Another week, another WikiLeak. What with the endless parade of revelations about governments spying on civilians, high-level industrial espionage, whistle-blowers in the military and the corporate world, international hacking wars and so on, the classic dystopian conceit of a monolithic Big Brother is beginning to seem almost quaint. In this Brave New World of the Infotech Age, we’re all spying on each other, apparently, and anything that you post on your Facebook page may be held against you forever – or at least until the next thing comes along to replace computers. That’ll be about six months down the road, at the rate we’re going.

So there couldn’t be a better time for a paranoid courtroom thriller like John Crowley’s Closed Circuit to be hitting the cinemas. It opens with a chilling montage of 120 people about to be killed by a truck bomb in a London riverfront marketplace, as captured by dozens of closed-circuit security cameras. The ubiquitous presence of those cameras throughout the city becomes an ominous motif throughout the entire movie; but, refreshingly for a summertime flick, that bombing is the last explosion that you’ll see.

There are a couple of brief, abrupt automobile accidents, but no wild, improbable, careening car chases. No gun battles, either – and who needs them, really? This is England, after all, not the US. And garroting someone with a wire is just as nasty, and much quieter. In other words, a James Bond movie this is emphatically not. That fact may hurt Closed Circuit at the box office, but endear it to those who prefer a “thinking person’s thriller.”

The premise of this film, beyond the given that it’s wisest to trust nobody nowadays, is that Farroukh Erdogan (Denis Moschitto), the one surviving member of the Jihadist gang that set off the truck bomb, is about to stand trial, with the first phase to be held in a locked courtroom on account of the sensitive nature of some of the evidence and the classified identities of some of the witnesses. Claudia Simmons-Howe (Rebecca Hall) is the Special Advocate assigned by the attorney general (Jim Broadbent) to have sole access to the classified evidence. With her highly expressive face, Hall is a joy to watch in the role of the tough-but-vulnerable attorney whose uncompromising sense of honor is about to get her into a whole lot of trouble.

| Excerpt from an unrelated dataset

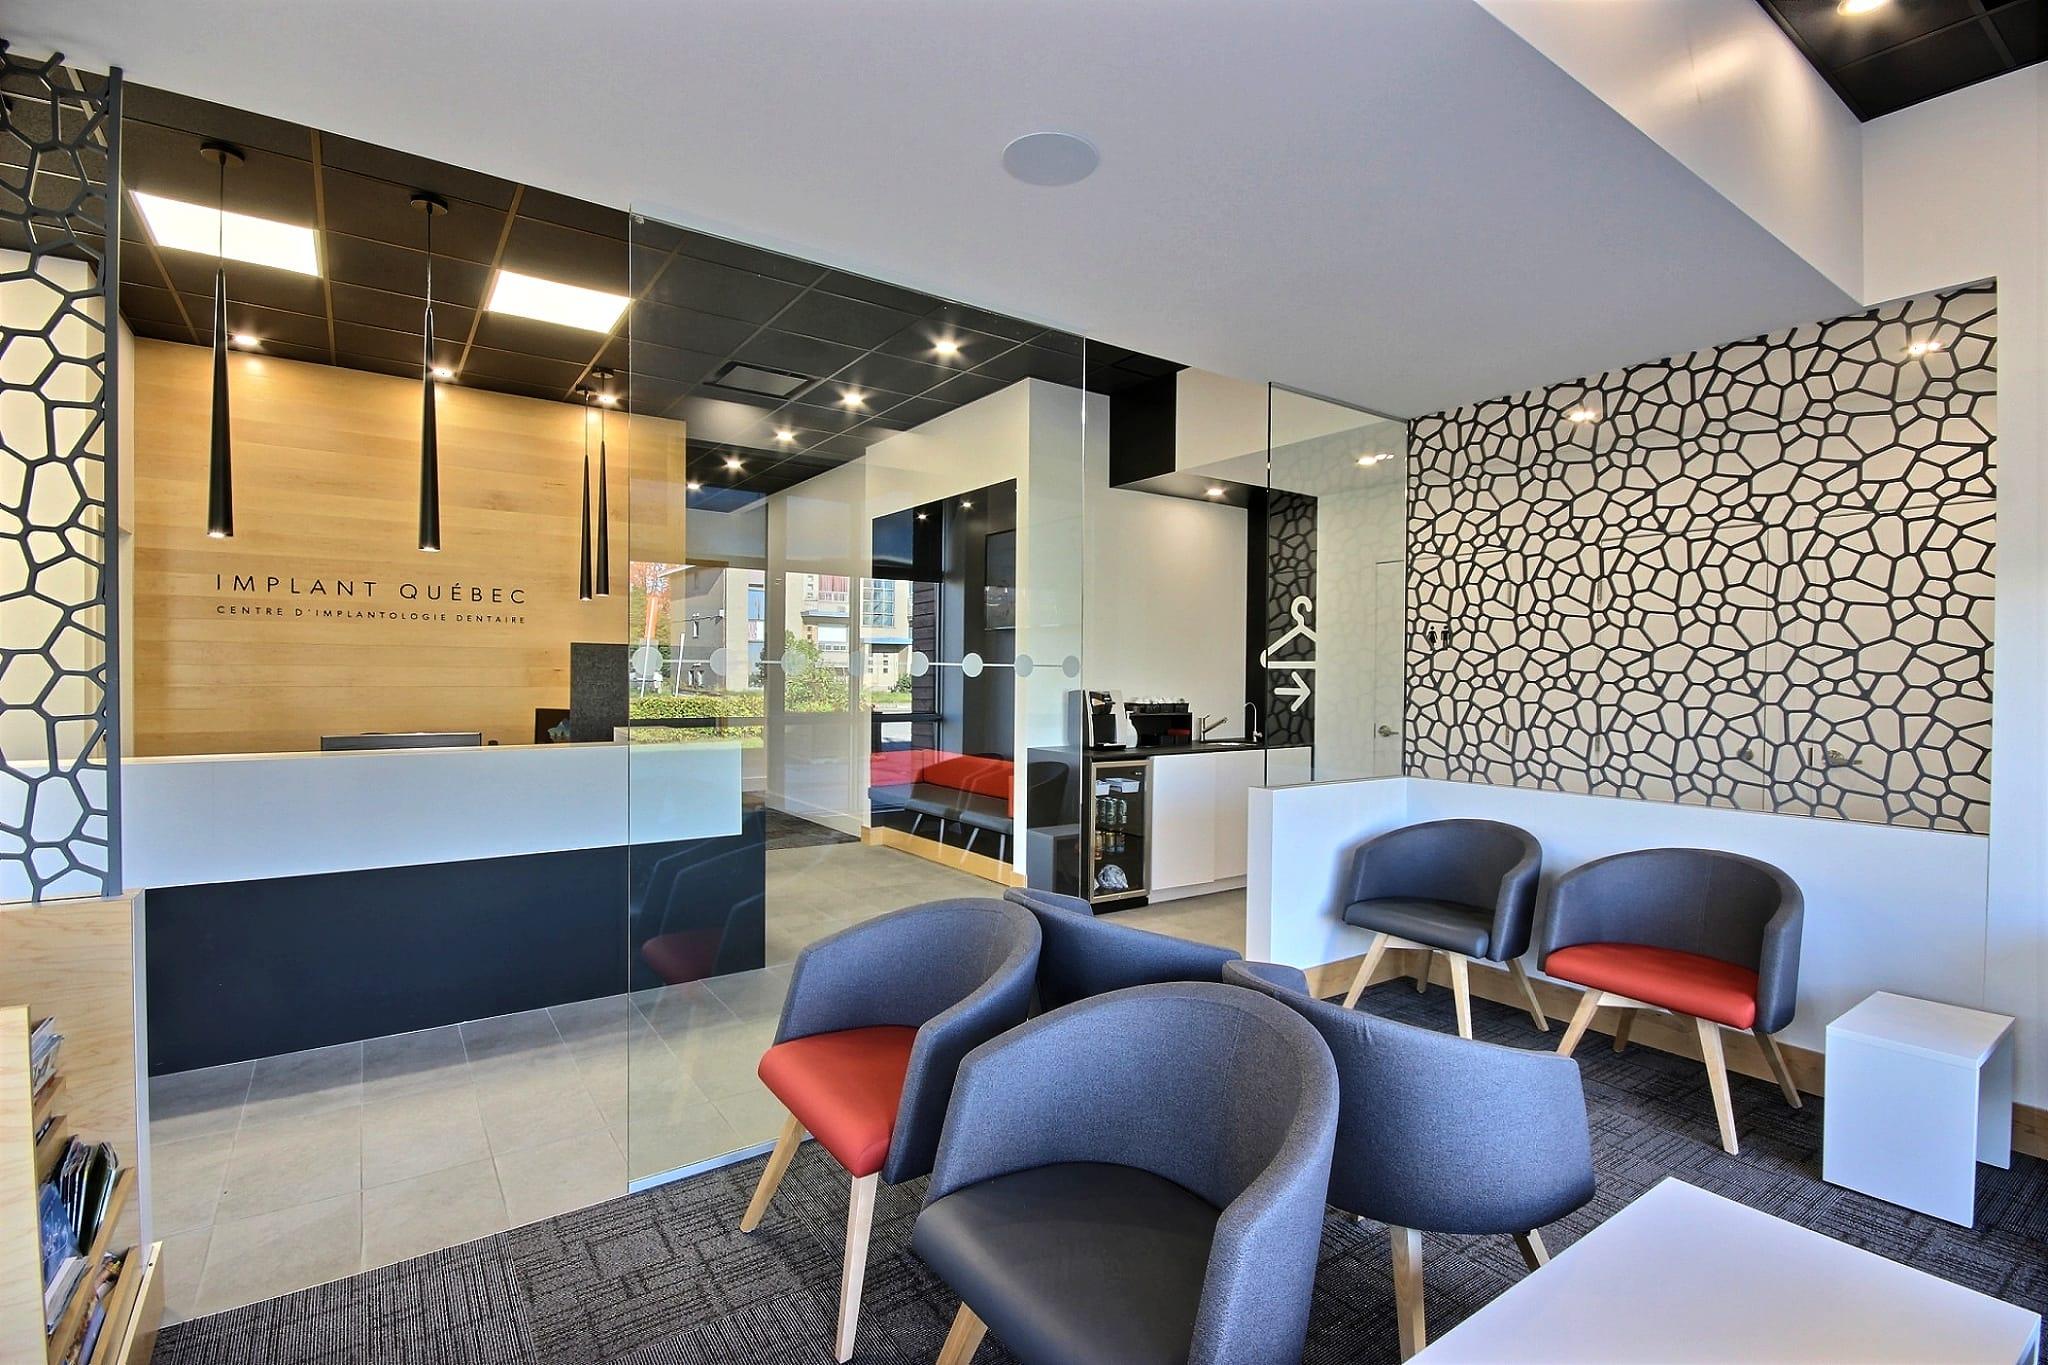 Design interieur salle d'attente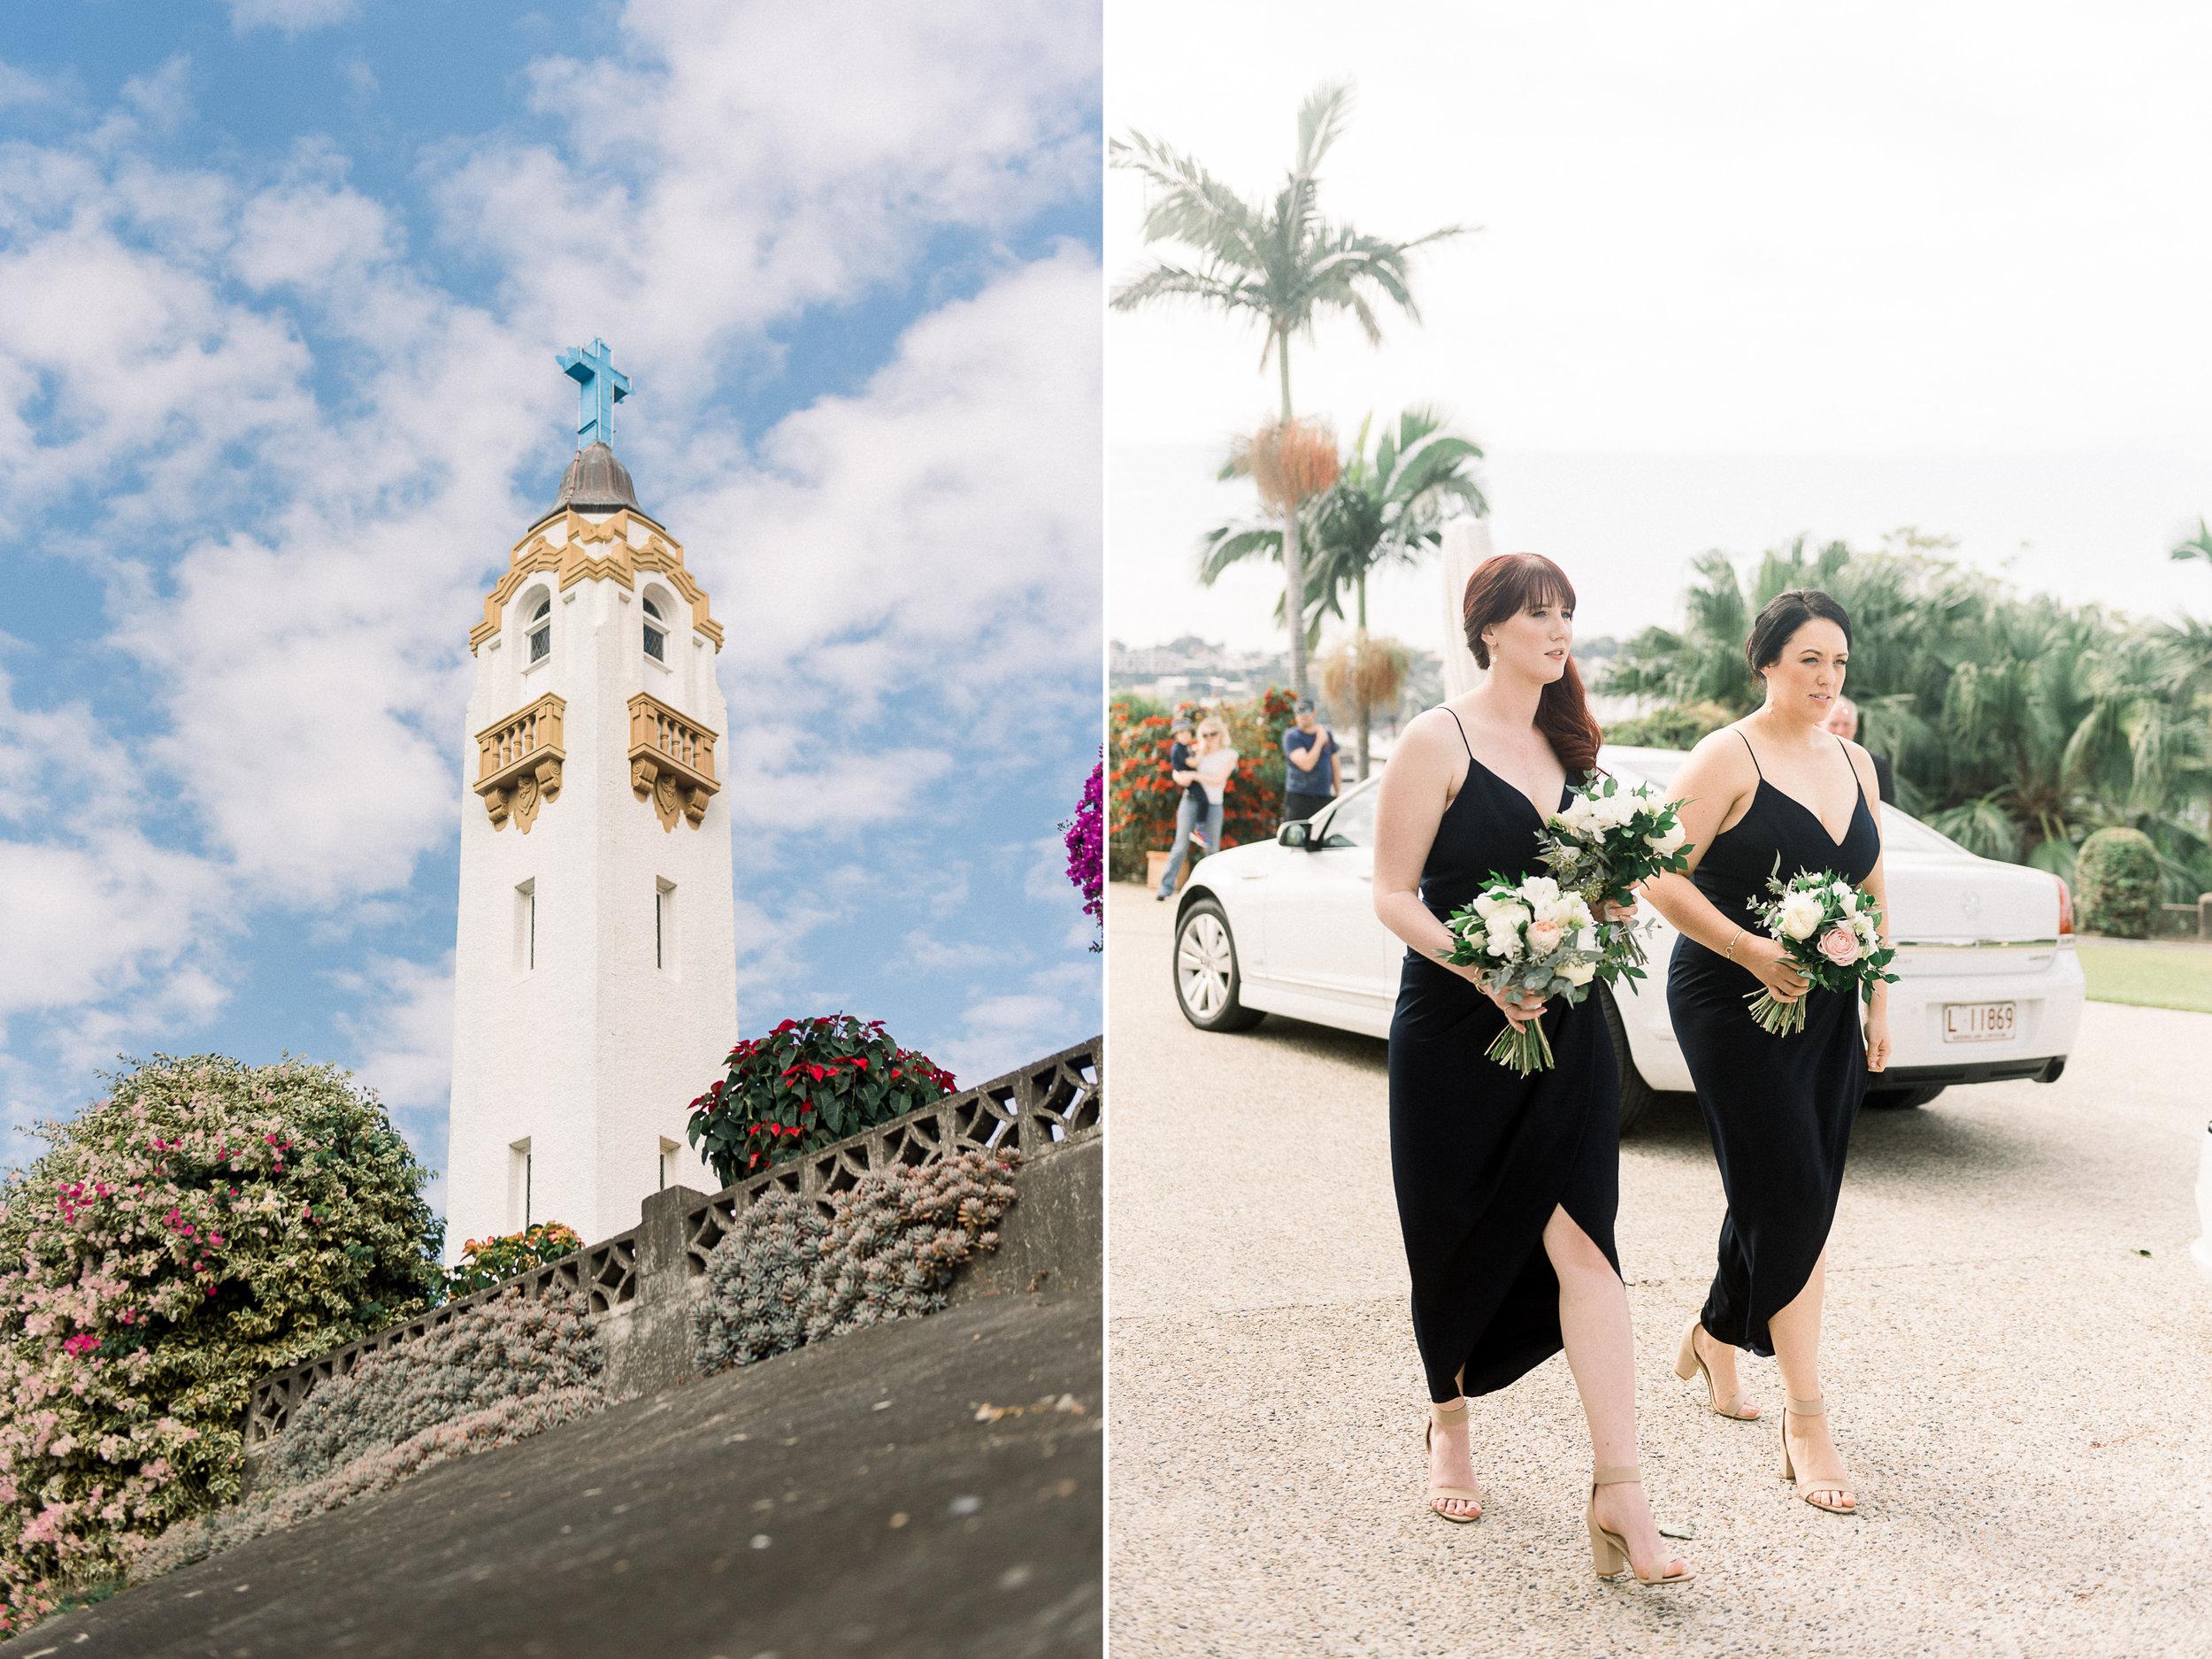 brisbane-city-wedding-church-wedding-1.jpg

Meanwhile, Erdogan’s first defense attorney has died, ostensibly by suicide, and the ambitious, overconfident Martin Rose (Eric Bana) has been assigned to replace him. Whether or not this alignment is purely coincidental is a matter as dicey as the previous lawyer’s demise, however, since Claudia and Martin have had an affair in the past – one that ended badly, with Martin’s wife leaving him.

The two defense attorneys are forbidden to communicate once the classified materials have been opened, but they don’t seem to want to talk to each other very much anyway. So they deny under oath that there’s any conflict of interest in their working on the same case, and Martin’s friend and colleague Devlin (Ciarán Hinds, who as usual steals every scene that he’s in) serves as their officially sanctioned go-between.

That is, until things start to get weird. Martin keeps getting picked up by the same taxi wherever he goes; Claudia notices books out of place in her scrupulously neat flat (though why people with high-security-clearance sorts of jobs in movies live in apartments with huge banks of uncurtained windows remains an eternal mystery). Both start to suspect that the accused terrorist has a more complicated background than the government is willing to admit, with large time gaps in the record as well as some improbably expedited relocations of their closemouthed client and his family.

The more they learn about Erdogan, of course, the more they put themselves at risk personally, with the inevitable result that they have to start communicating surreptitiously. And it shouldn’t come as much of a spoiler to reveal that there’s still considerable attraction between them in spite of past hard feelings. The onscreen chemistry is subtle but believable, unfolding in a gratifyingly gradual way.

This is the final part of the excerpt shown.